DATA PROVIDED: Begin

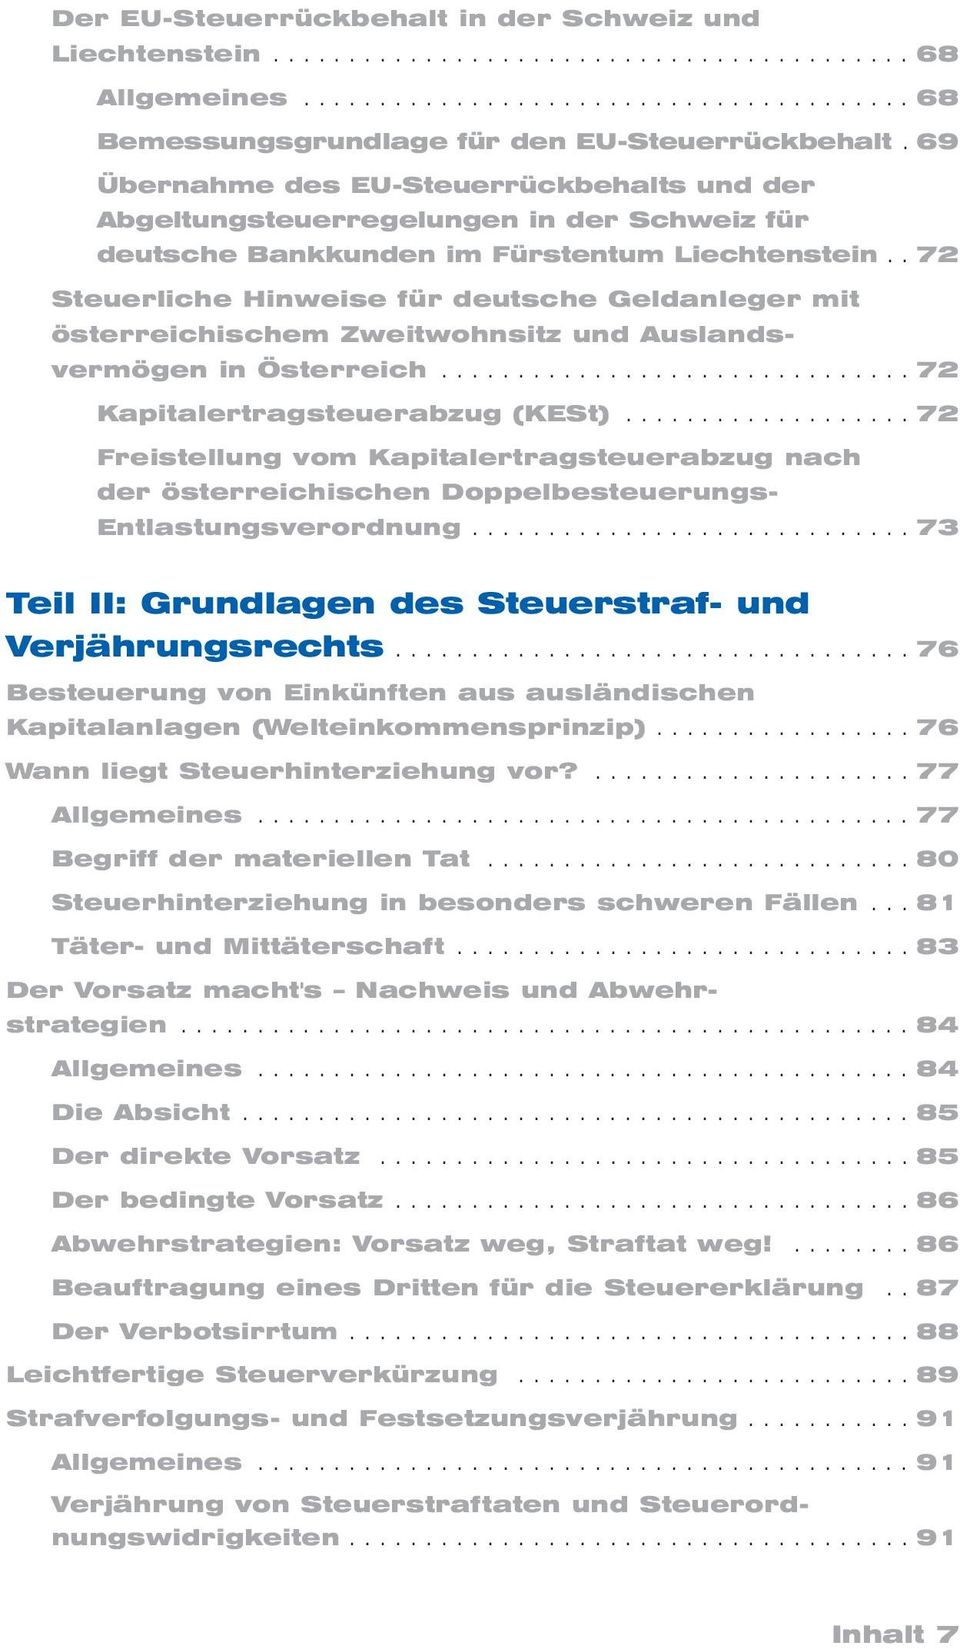 . 72 Steuerliche Hinweise für deutsche Geldanleger mit österreichischem Zweitwohnsitz und Auslands - vermögen in Österreich............................... 72 Kapitalertragsteuerabzug (KESt).
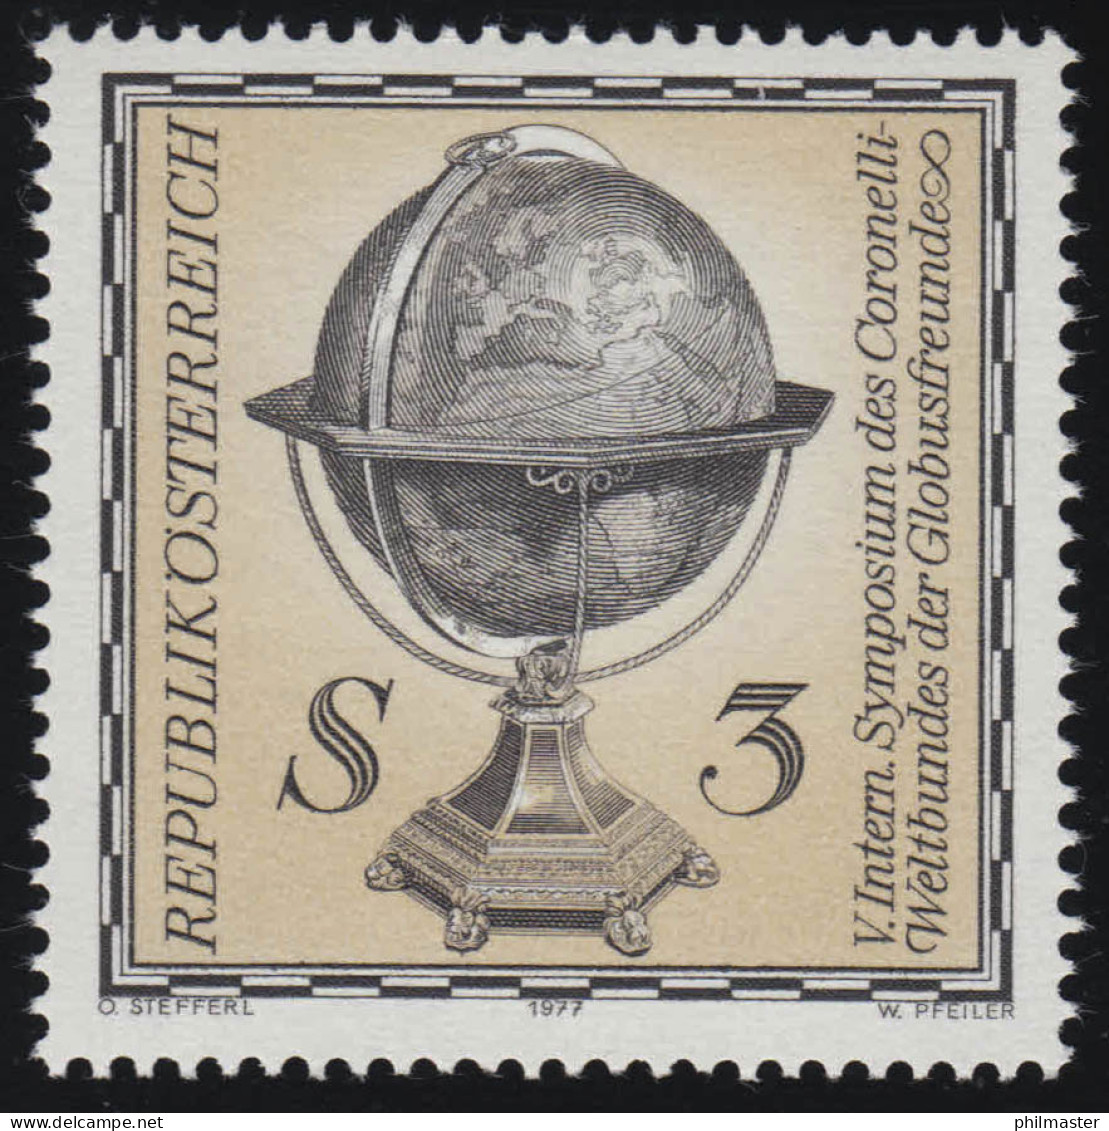 1554 Internationales Symposium Coronelli Weltbund, Erdglobus, 3 S, Postfrisch ** - Nuovi
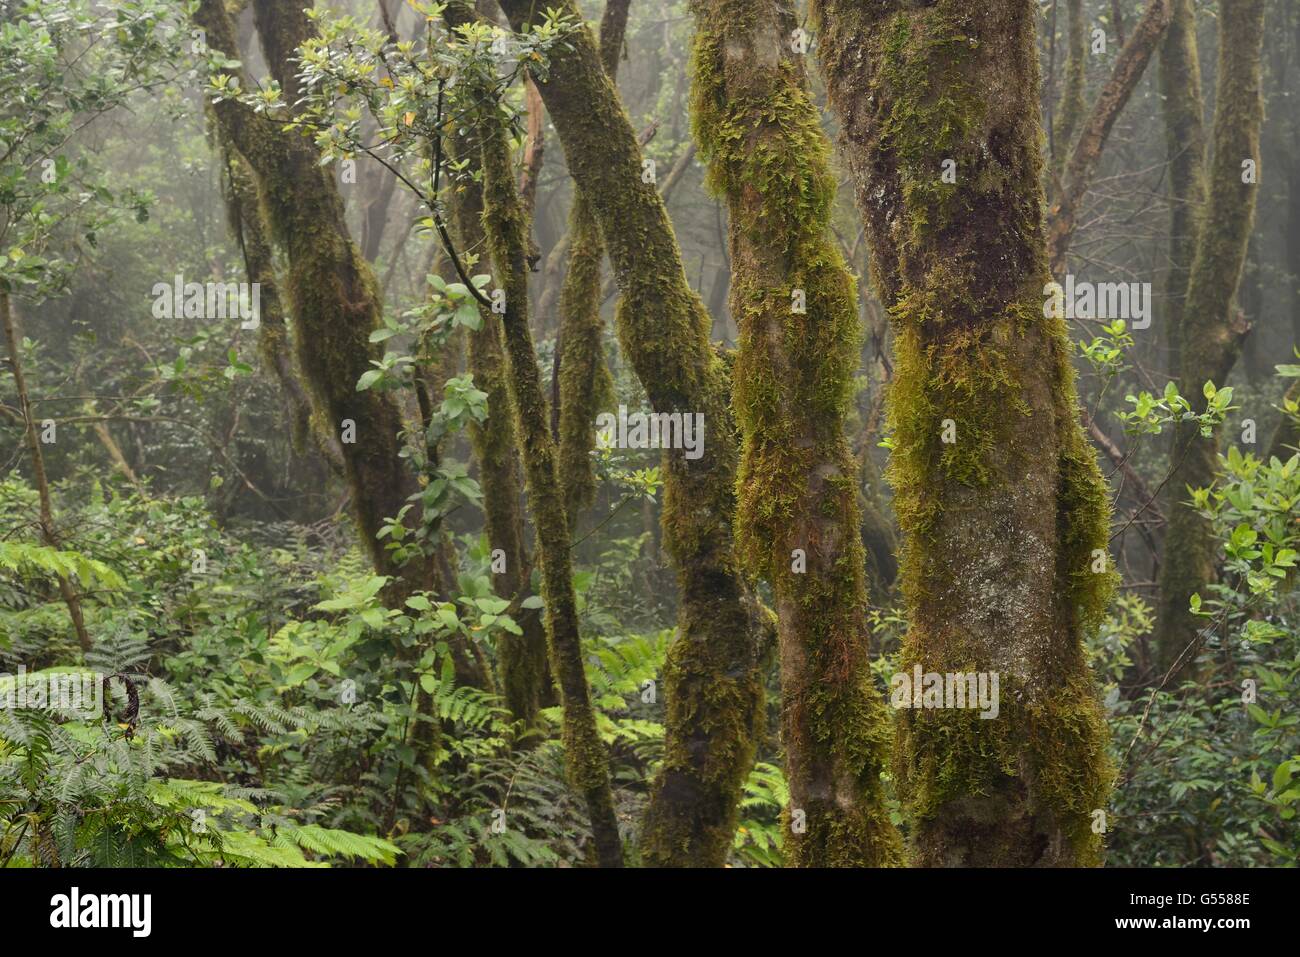 Árboles cubiertos de musgo y denso sotobosque de helechos en bosques montanos nubladas, bosque de laurisilva, las montañas de Anaga, Tenerife, Mayo. Foto de stock

DATA PROVIDED: End

- _EXERCISE INSTRUCTIONS_: The answer should contain every line of the material exactly as written and no pictures.

- _ANSWER SECTION_:
 . 72 Steuerliche Hinweise für deutsche Geldanleger mit österreichischem Zweitwohnsitz und Auslands - vermögen in Österreich............................... 72 Kapitalertragsteuerabzug (KESt).
 1554 Internationales Symposium Coronelli Weltbund, Erdglobus, 3 S, Postfrisch ** - Nuovi
 Árboles cubiertos de musgo y denso sotobosque de helechos en bosques montanos nubladas, bosque de laurisilva, las montañas de Anaga, Tenerife, Mayo. Foto de stock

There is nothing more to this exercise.